Data provided
------------------------------------------------------------------------
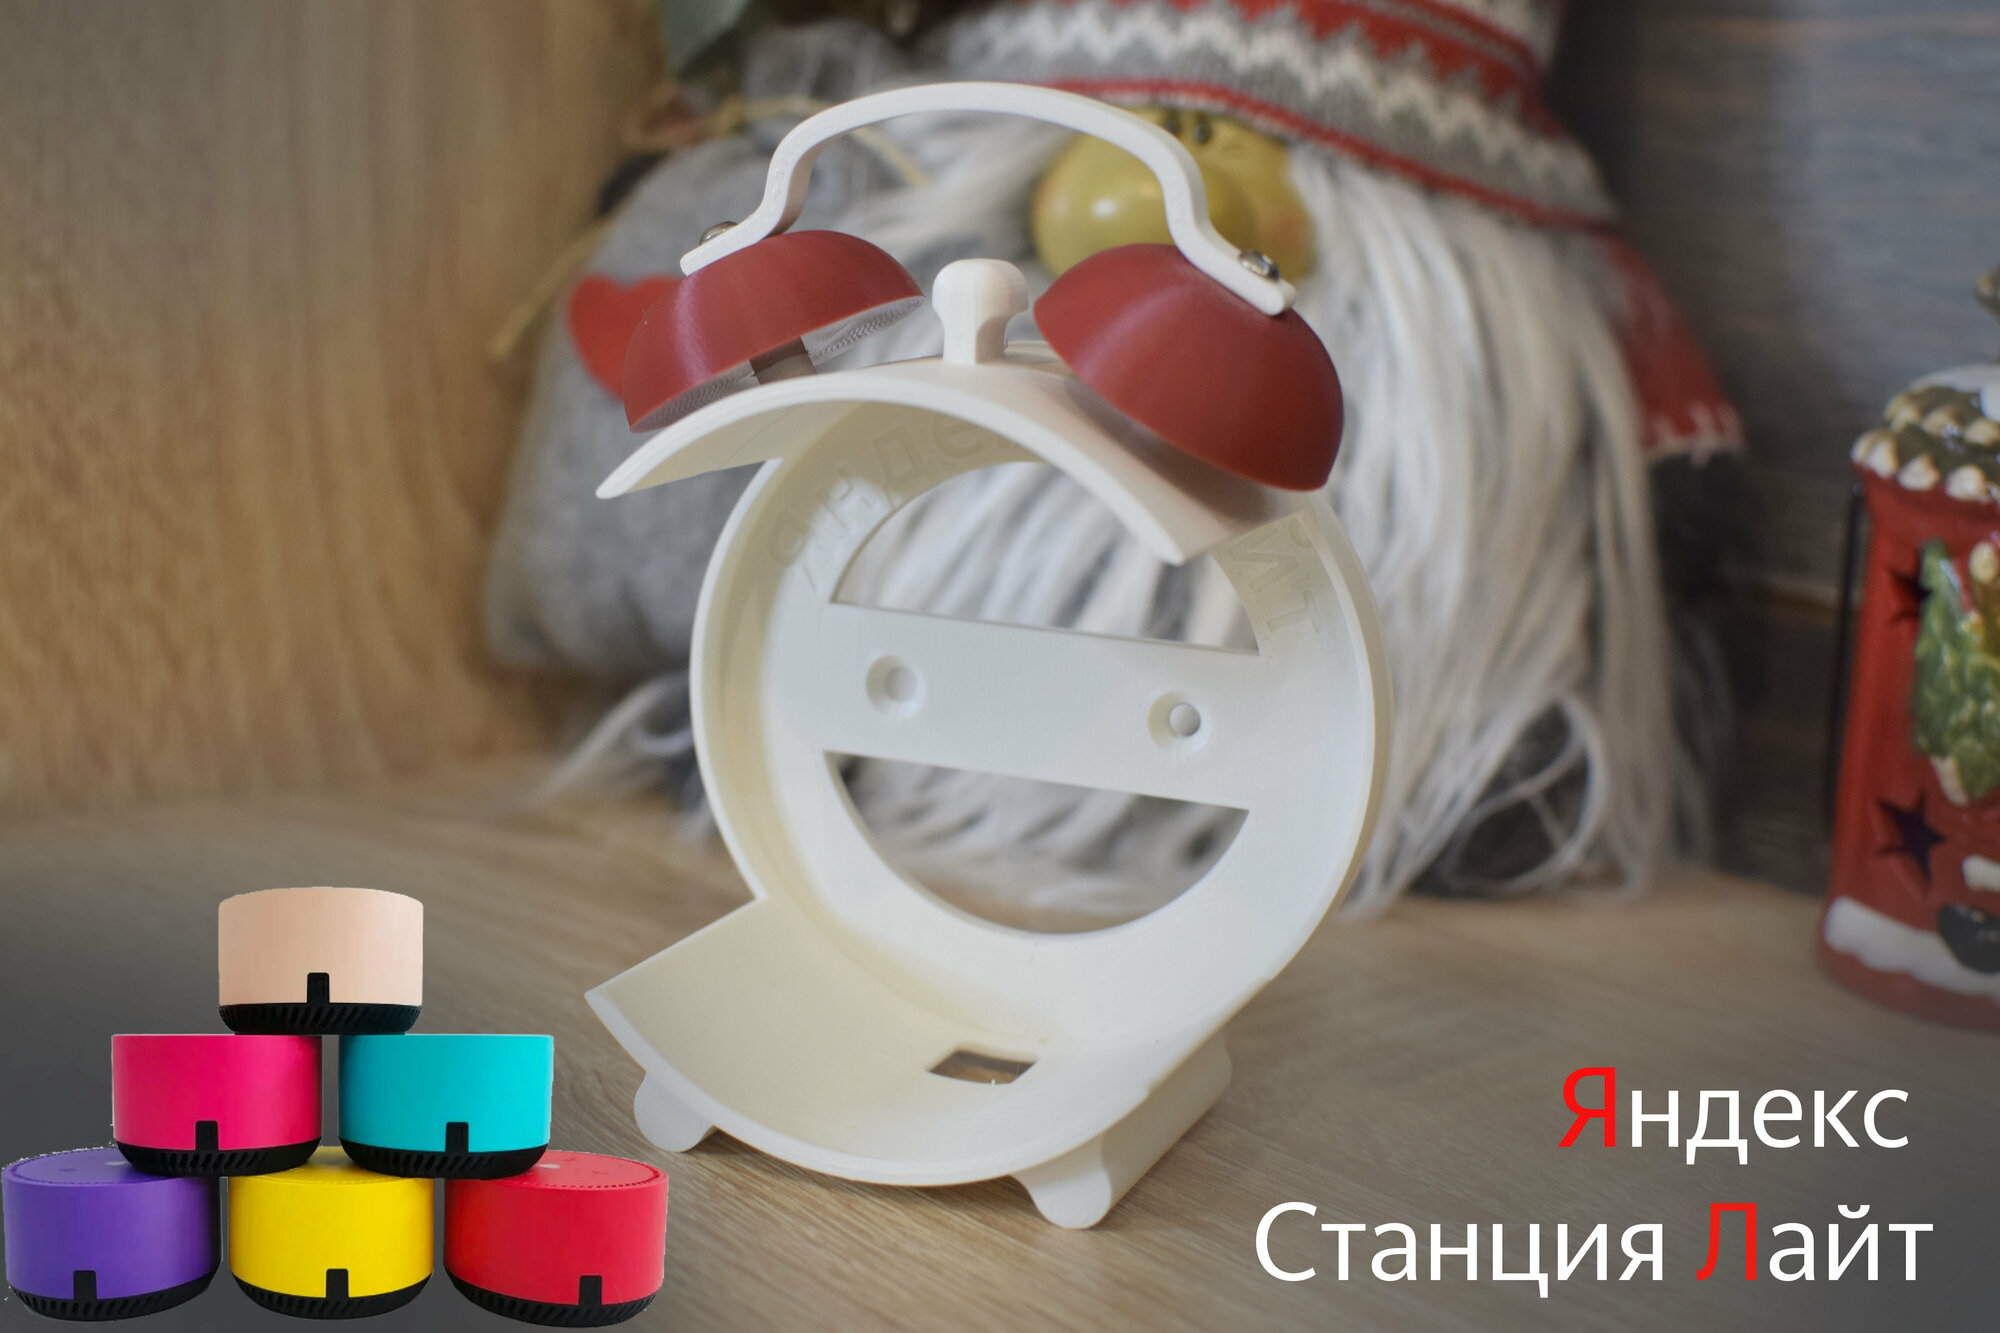 Подставка для Яндекс Cтанции Лайт (белая с красным)
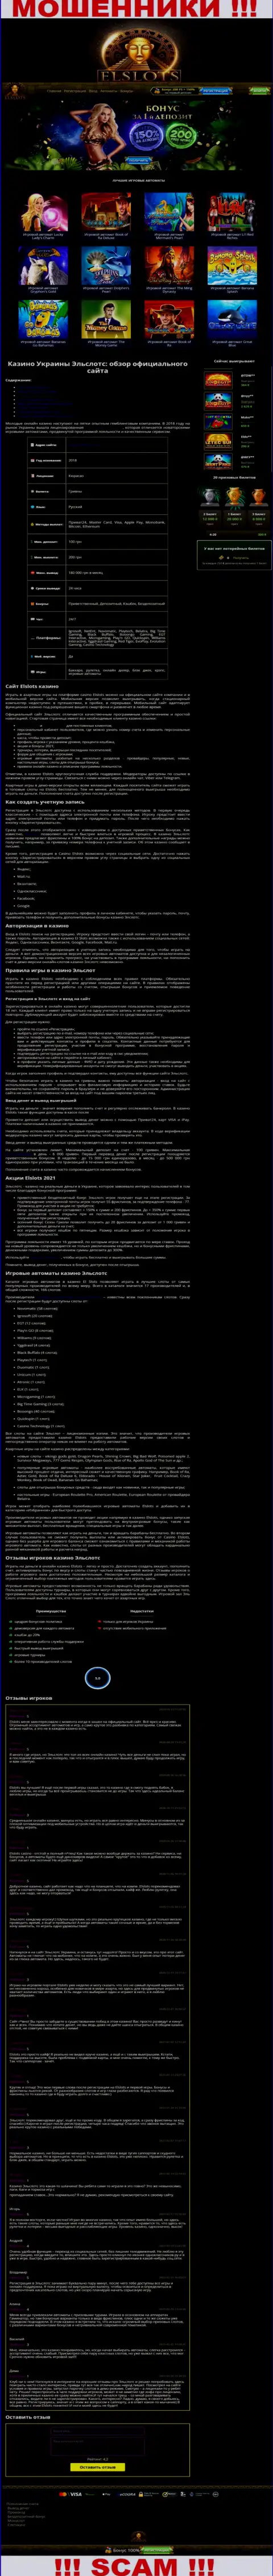 Внешний вид официальной web страницы незаконно действующей организации ЕлСлотс Ком
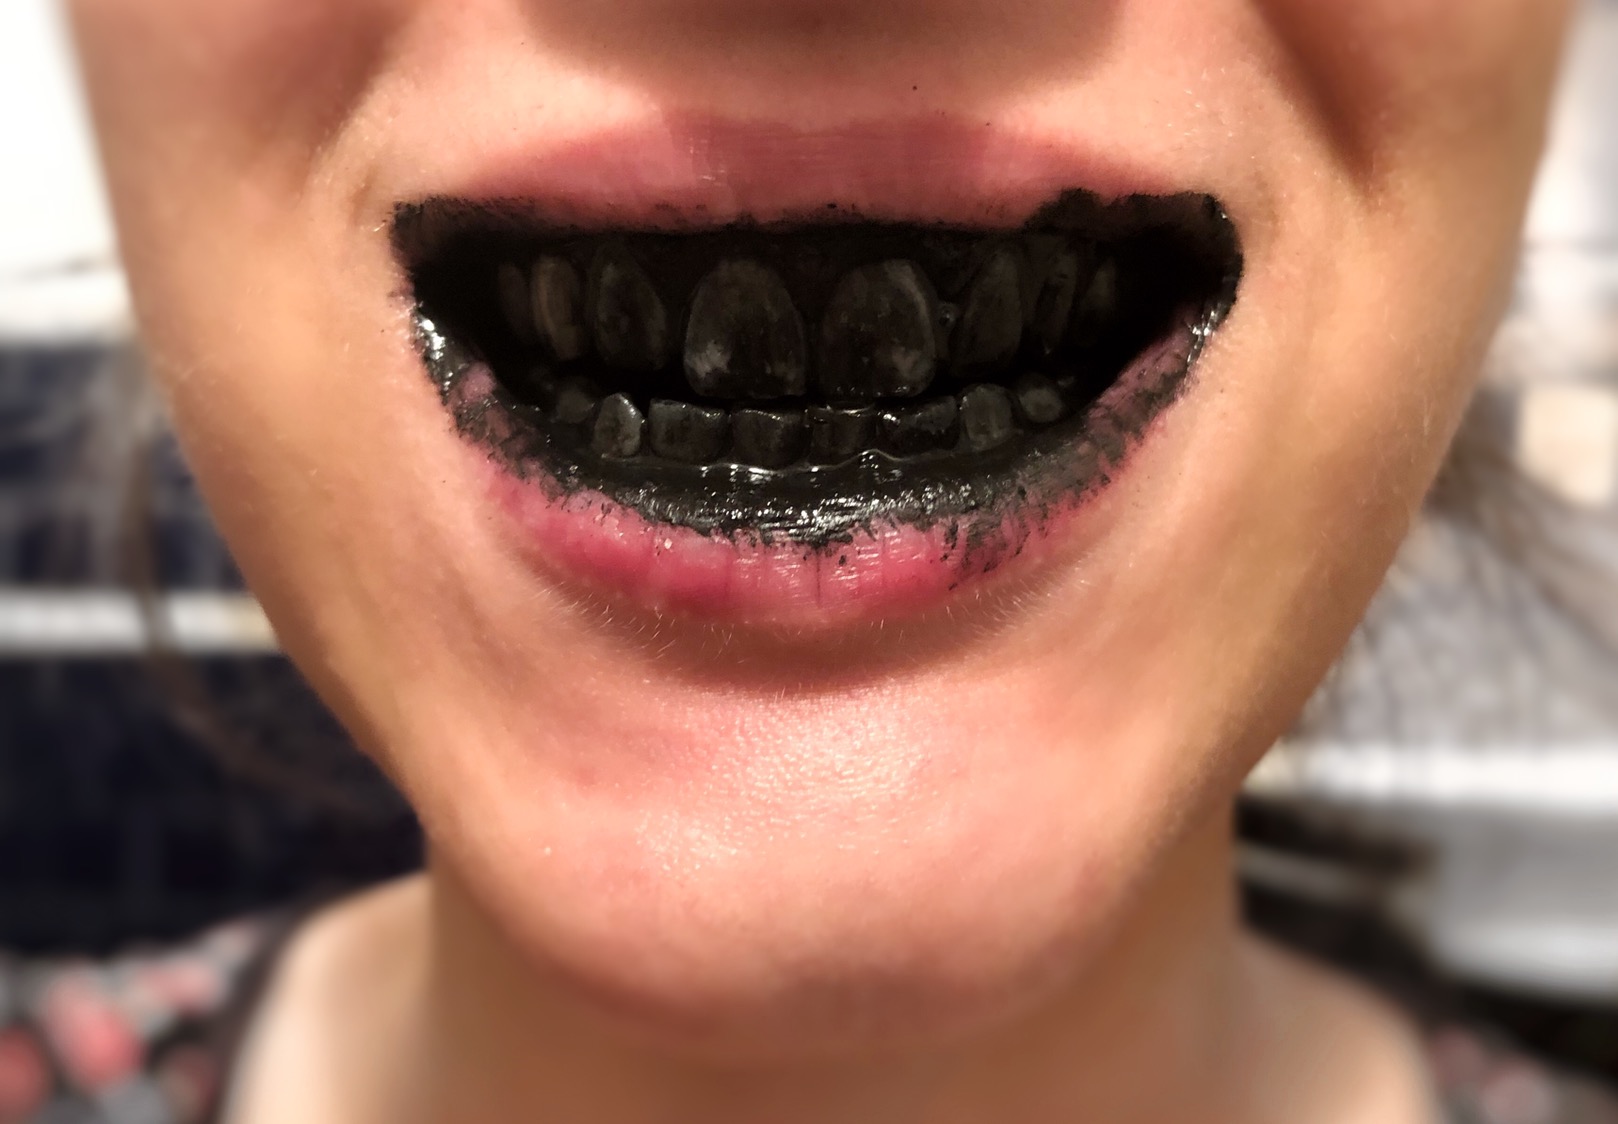 Fekete porral hófehér fogak? Tényleg működik? - SmileOn teszt
------------------------------------------------------------------------
What you need to do
Transcribe the listing exactly, skipping pictures.

Answer box
 Подставка для Яндекс Cтанции Лайт (белая с красным)
 Внешний вид официальной web страницы незаконно действующей организации ЕлСлотс Ком
 Fekete porral hófehér fogak? Tényleg működik? - SmileOn teszt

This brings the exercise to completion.